Бенц страшно был раздосадован происшествием на танцах и во всю разглагольствовал, какую трепку задаст тому трактирщику и крестьянским сыновьям. К несчастью, сидевшие вокруг люди принялись над ним потешаться — он и впрямь выставил себя круглым дураком. Одни приняли его сторону, другие высказались против, так что Бенц все больше ярился, снова начал губить еду, бить и кидаться посудой, проклиная других гостей и всю их компанию. Ему сделали замечание и принесли еще вина. Мэди думала было возразить, но Бенц вскочил и сказал: «Это еще что?» Он вел себя все развязнее и все больше пьянел, и если бы не наелся саек и пирогов, уже ни одним членом не смог бы шевельнуть.

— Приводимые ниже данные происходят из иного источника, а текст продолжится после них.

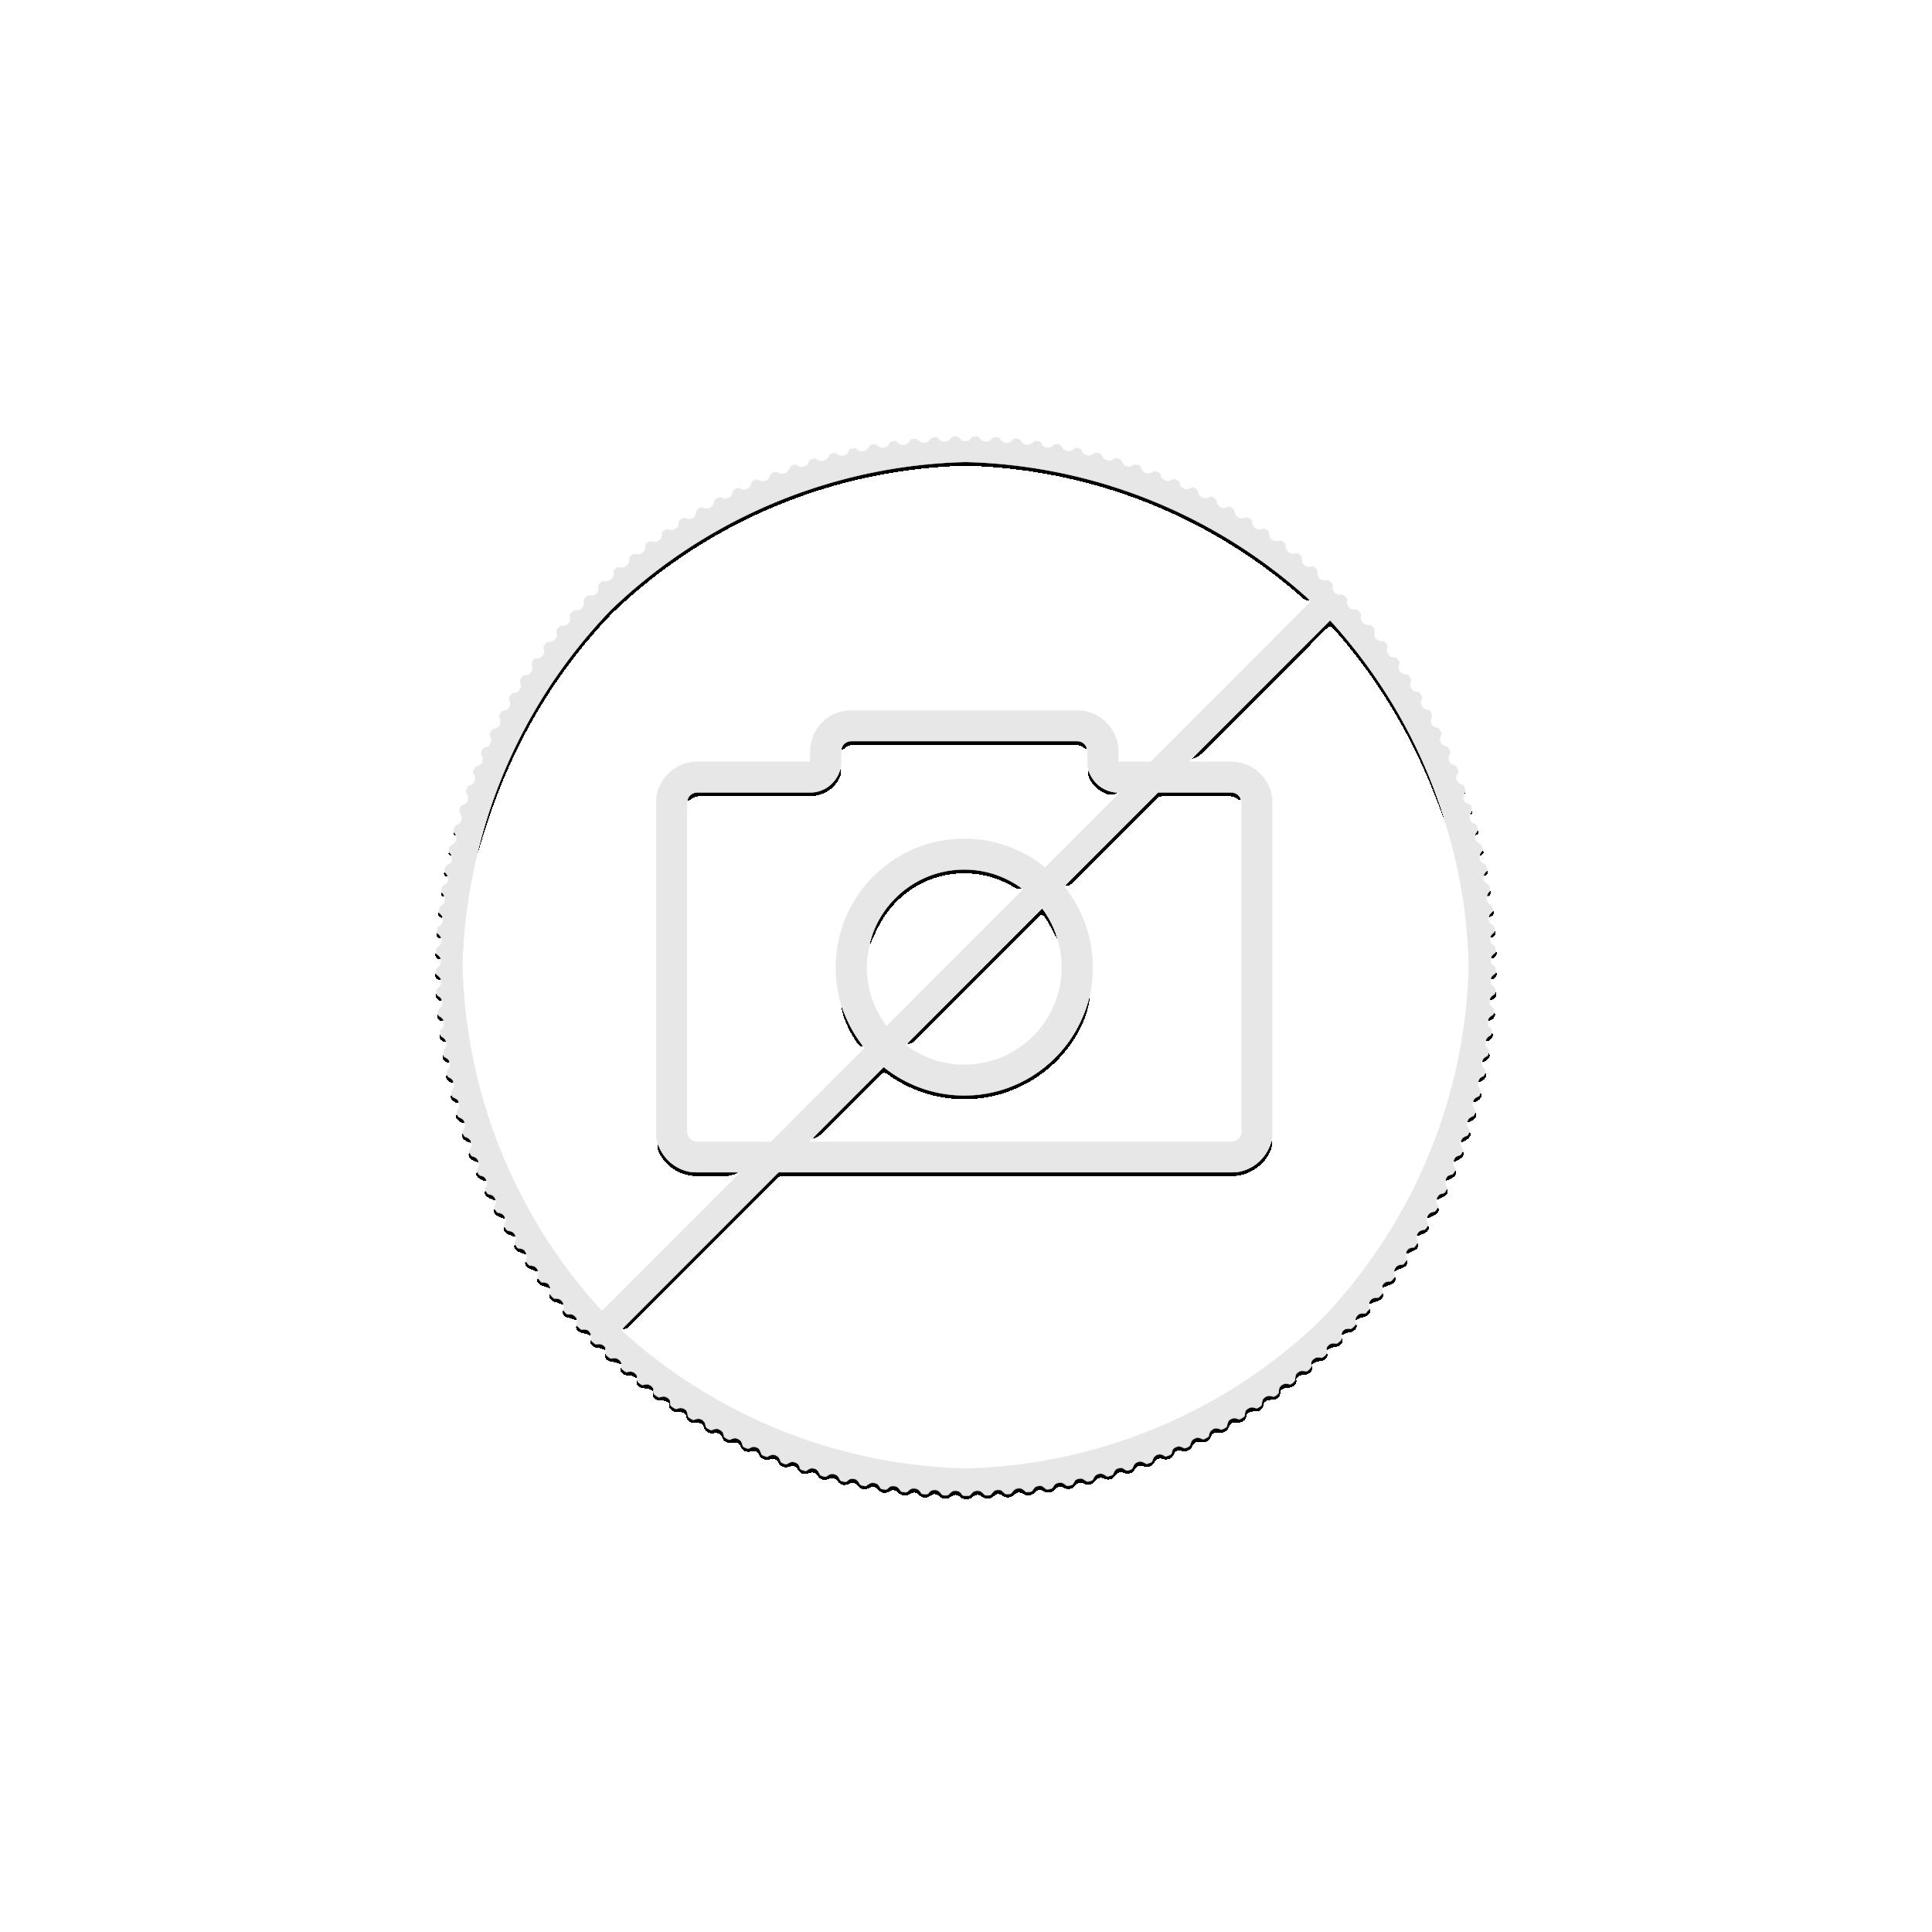 Zilveren munt ijsberen 2020 - o Canada serie - achterkant

Наконец, трактирщик потребовал, чтобы он расплатился и ушел. Бенц начал свой обычный спектакль, он-де платить не собирается и пусть Мэди платит. Когда же трактирщик сказал, что у девушки денег брать не станет, а платить должен тот, кто заказывал, Бенц совсем уже обнаглел и нагрубил в ответ. Однако, когда услышал, что весь его долг — еда, разбитые тарелки и вино — тянет на шестьдесят баценов, принялся ругаться так, что весь дом задрожал, в ярости бросил на стол оставшиеся деньги и заявил, что больше ни кройцера не заплатит — да у него и нет больше — и направился к выходу. На этот раз уйти ему не удалось — поручиться за него никто не хотел. Но раз уж он всех так повеселил своим представлением, с него в залог стянули куртку. Мэди попыталась вступиться за Бенца, но безуспешно. «Заткнись или плати!» — был ответ. Мэди же, словно верная собачонка, продолжала лаять в защиту грубияна Бенца, хотела ему помочь, когда его без куртки опять спустили с лестницы. Так они и сидели внизу, без денег, без одежды; Бенц — как побитый пес, злой, разобиженный и пьяный; ничего и никого, кроме полупьяной Мэди, у него не было. Она-то и помогла ему добраться до дому.